Over the past twenty years major controversy has spawned over the issue of euthanasia: a person?s right to die. The American courts have been burdened with determining whether or not the Constitution gives the American people the right to allow others to take their lives, and have failed to come up with a definitive answer.

(specific cases)

There are several aspects to suicide and the law, but we are only going to discuss a few of them. First of all we will examine why anyone would want to take their own life and decipher the differences between a rational suicide and an irrational suicide. Secondly we will look at ways assistance has played in the area of suicide. Next, we’ll look at what the constitution says and see if any of the states have allowed suicide. Finally, we’ll study some of the cases that have been brought before the American courts.

Suicide has become a big part of American society; year after year more people are taking their own lives for many different reasons. A lot of philosophers have broken down all the reasons of suicides into two different categories, rational suicide and irrational suicide. A rational suicide has been given five basic criteria that usually must be met for the person’s act to be considered rational. The five criteria which a person must show for their suicide to be considered rational are, “the ability to reason, realistic world view, adequacy of information, avoidance of harm, and accordance with fundamental interests.” Another opinion of rationality of suicide is, “it is the best thing for him from the point of view of his own welfare-or whether it is the best thing for someone being advised, from the point of view of that person’s welfare”. People have to characterize suicides because a lot of times they don’t understand what that person is going through so by grouping them and placing criteria on them it allows them to accept it in an easier manner.

A lot of suicides are grouped in the rational category because they are committed so the person can be saved from the pain they may be experiencing from a terminal disease. This seems to be just about the only true rational and morally correct reason why a person should be assisted in suicide if that’s what they want. Yet a lot of times these patients are “heavily sedated, so that it is impossible for the mental processes of decision leading to action to occur.” In other words these patients have a rational reason to commit suicide, yet their mind is not capable of making that decision.

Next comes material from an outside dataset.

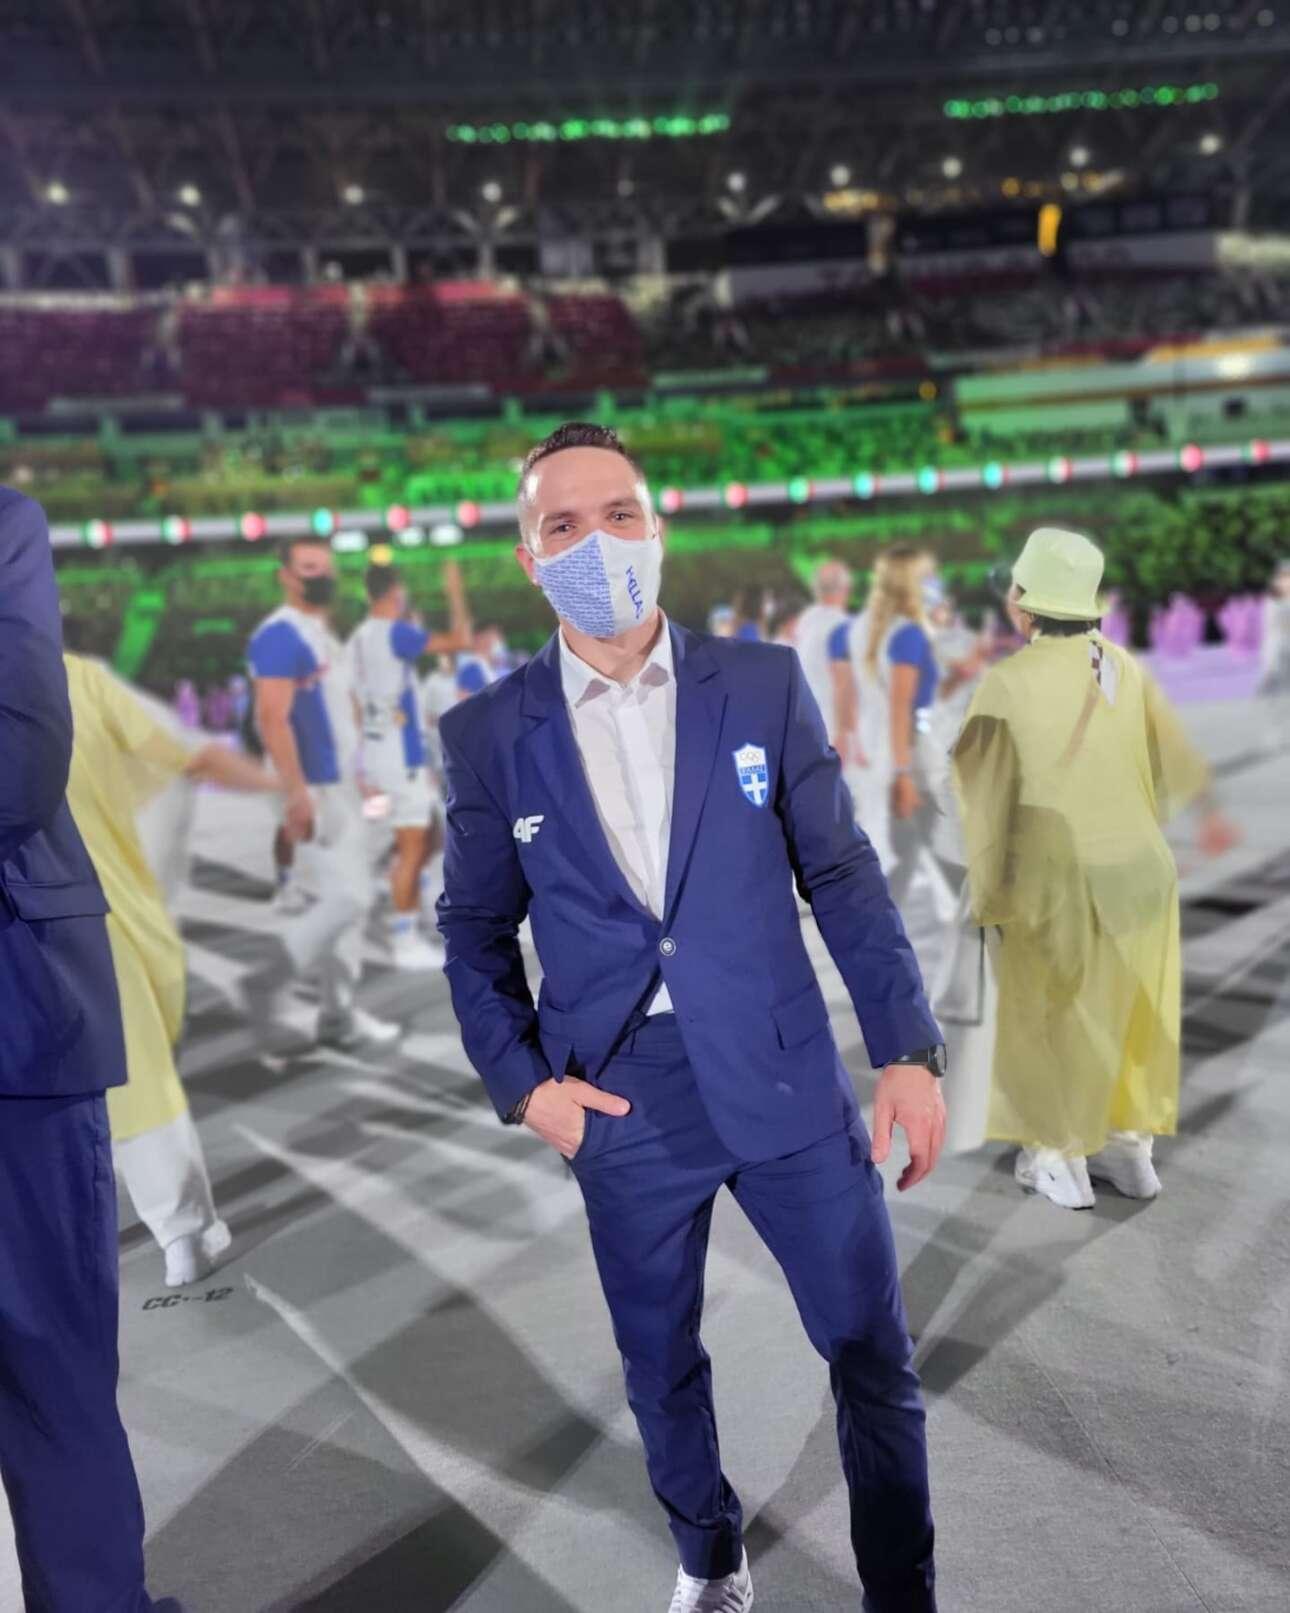 Ο Λευτέρης Πετρούνιας ποζάρει στον φακό ενός συναθλητή του κατά τη διάρκεια της τελετής

So if terminally ill patients are the only ones who have a good rational reason to commit suicide, then where does that leave everyone else? Well just about everyone else commits suicide because of a little thing that enters everyone’s life at some time and that thing is called depression. Depression can come from several different things, such as a loss of something like a job, a loved one, a limb such as an arm or leg, or anything else that might be held dear to that person. Other things could be rejection at home or in the work place, abuse, and sometimes even the thought of getting old and not wanting to know what tomorrow holds in store. There are a lot of arguments that these are rational reasons but just because you are having a bad day doesn’t actually mean you have a rational reason to go out and ask someone to assist you in suicide. Another big issue about suicide today is the one that deals with assisted suicide. When we think about this the first person that pops in our mind is Dr. Jack Kervorkian. Yet Kervorkian was not the first, “The Hemlock Society was founded by Derek Humphry, a British journalist, in Los Angeles in 1980. The organization advocated active euthanasia, or aiding the death of a hopelessly ill individual.” This society was responsible for several deaths because of their “listing of lethal doses of eighteen commonly prescribed drugs and a manual on suicide, which quickly became a best-seller.”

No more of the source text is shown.